─── Provided entries

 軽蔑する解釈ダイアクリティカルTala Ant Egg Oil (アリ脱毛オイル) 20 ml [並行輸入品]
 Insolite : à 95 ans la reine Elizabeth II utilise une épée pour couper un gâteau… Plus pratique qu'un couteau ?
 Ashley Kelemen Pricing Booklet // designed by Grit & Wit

──────
─── Provided entries

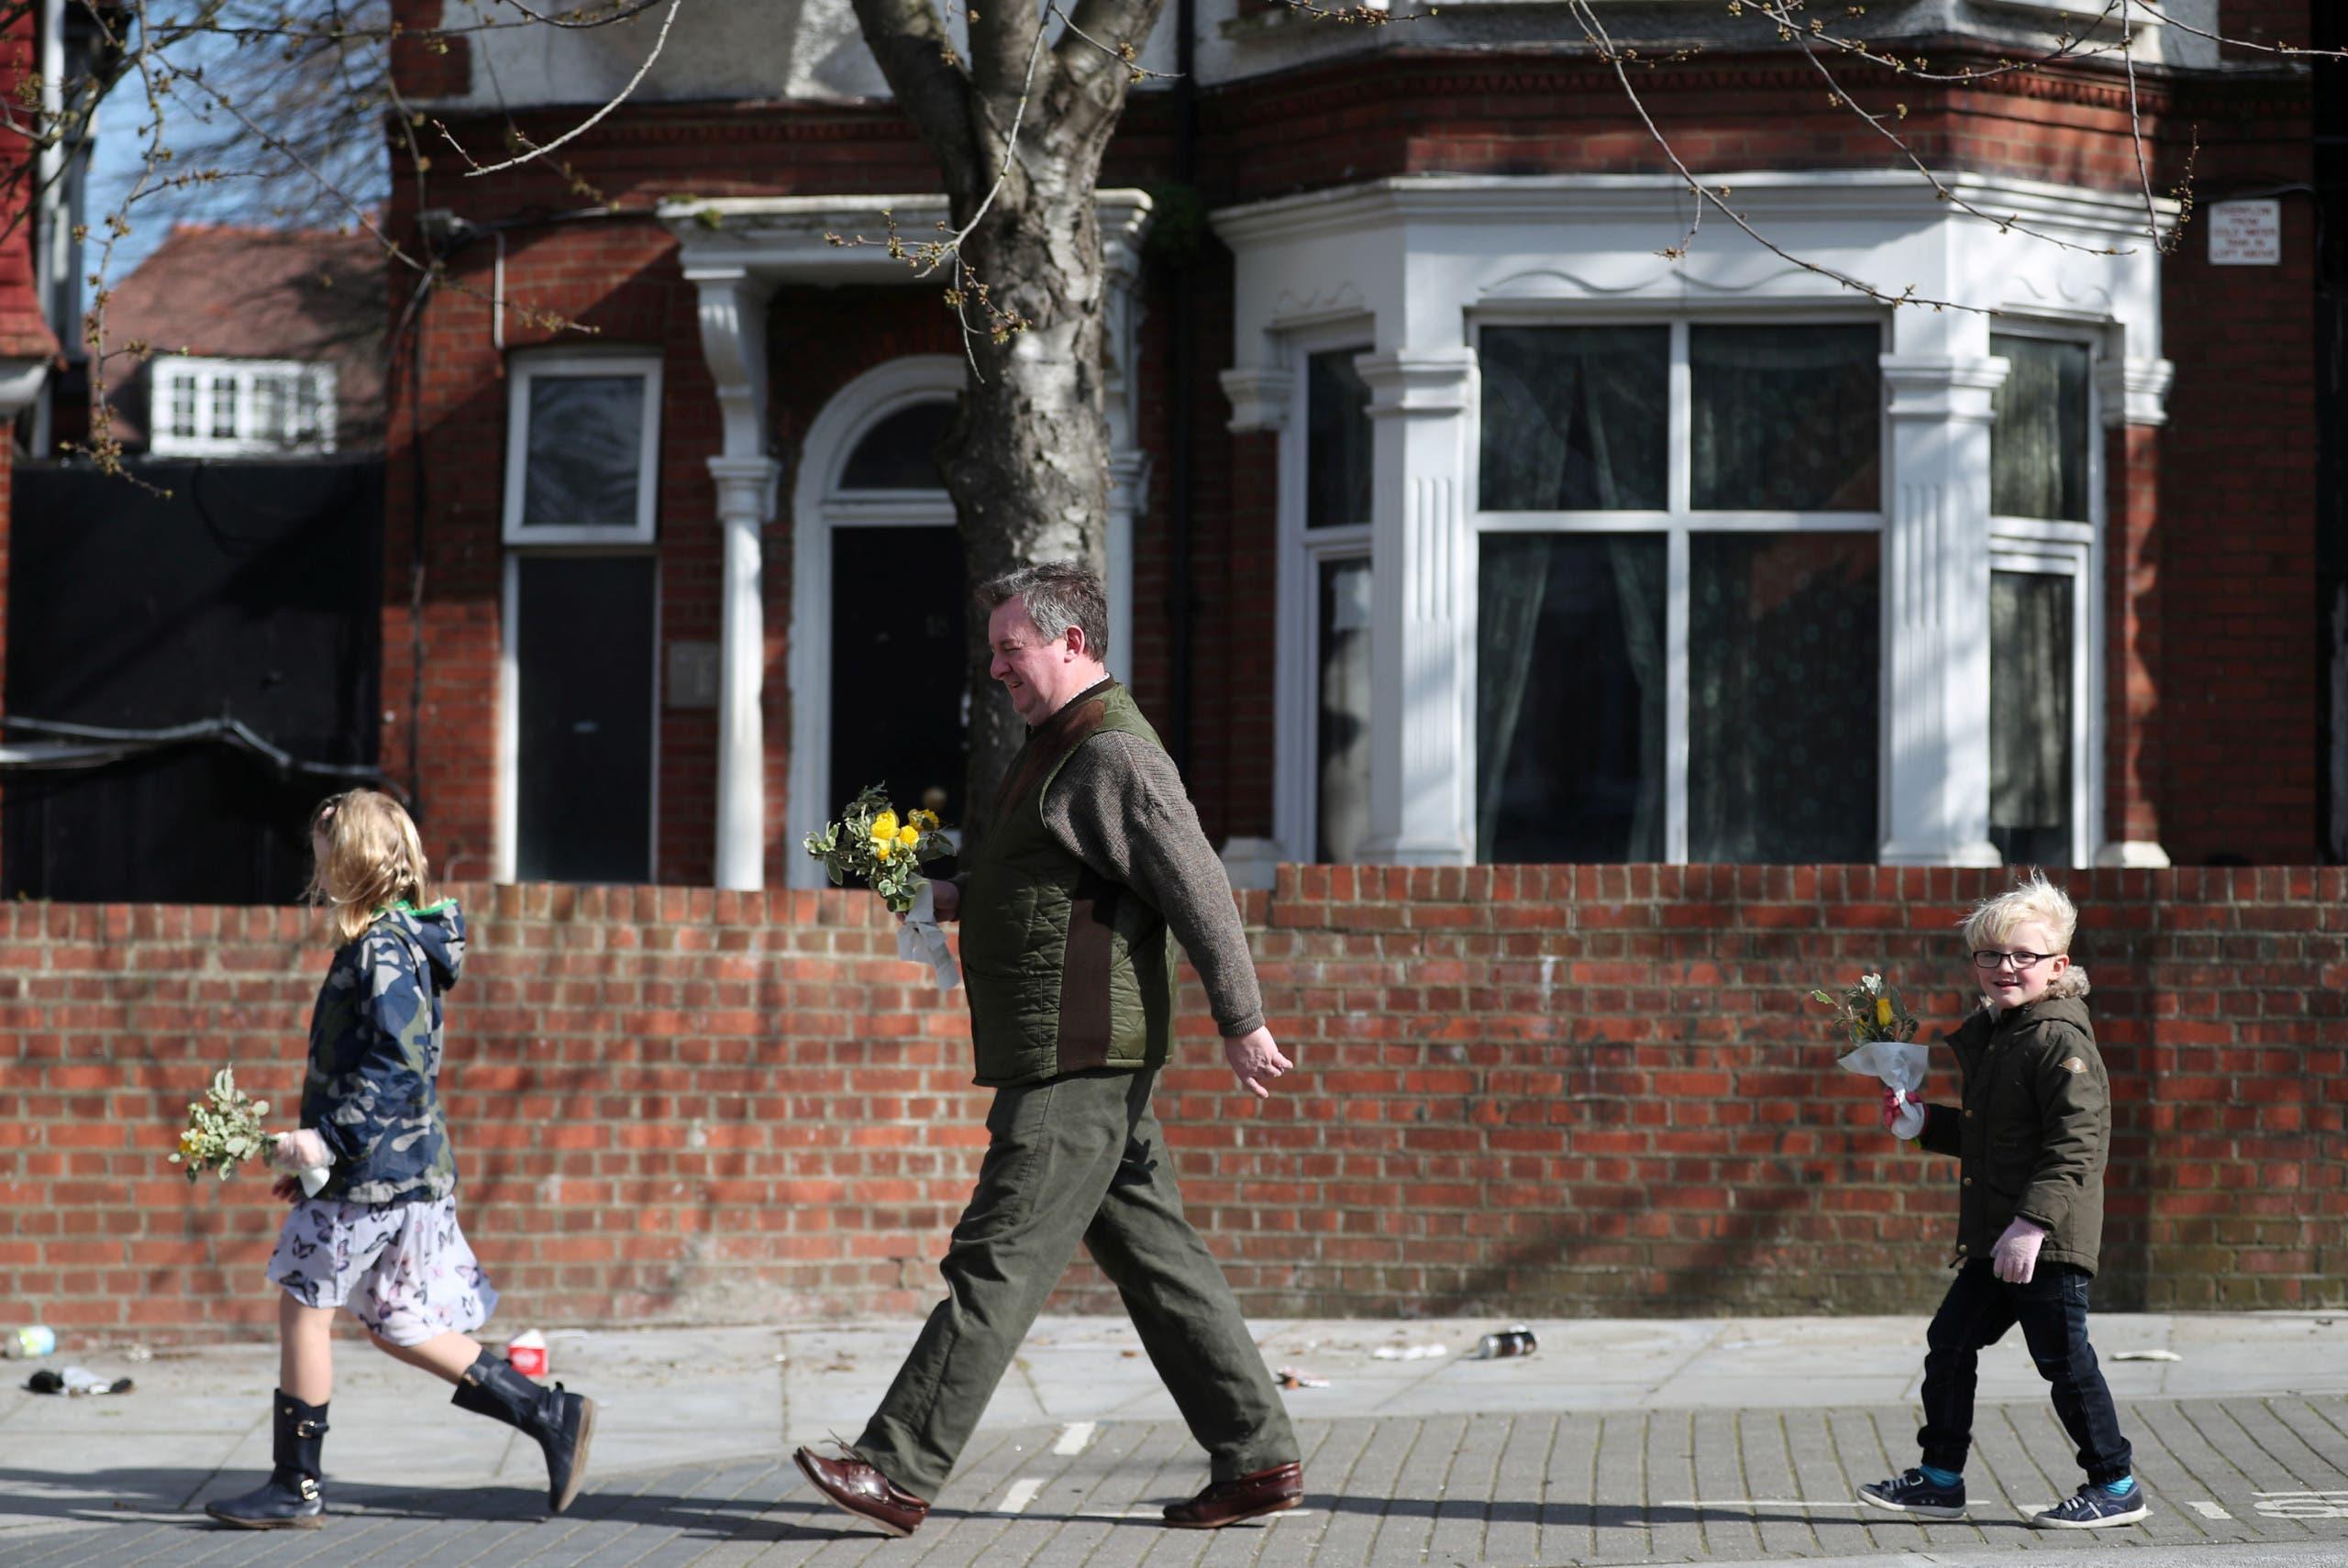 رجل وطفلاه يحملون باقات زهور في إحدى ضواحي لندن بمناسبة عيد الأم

──────

§ **Requirement**:
All lines above from the one with "Insolite : à" to the one with "Ashley Kelemen Pricing", inclusive, should be copied exactly, and no other lines.

§ **Output for this exercise**:
 Insolite : à 95 ans la reine Elizabeth II utilise une épée pour couper un gâteau… Plus pratique qu'un couteau ?
 Ashley Kelemen Pricing Booklet // designed by Grit & Wit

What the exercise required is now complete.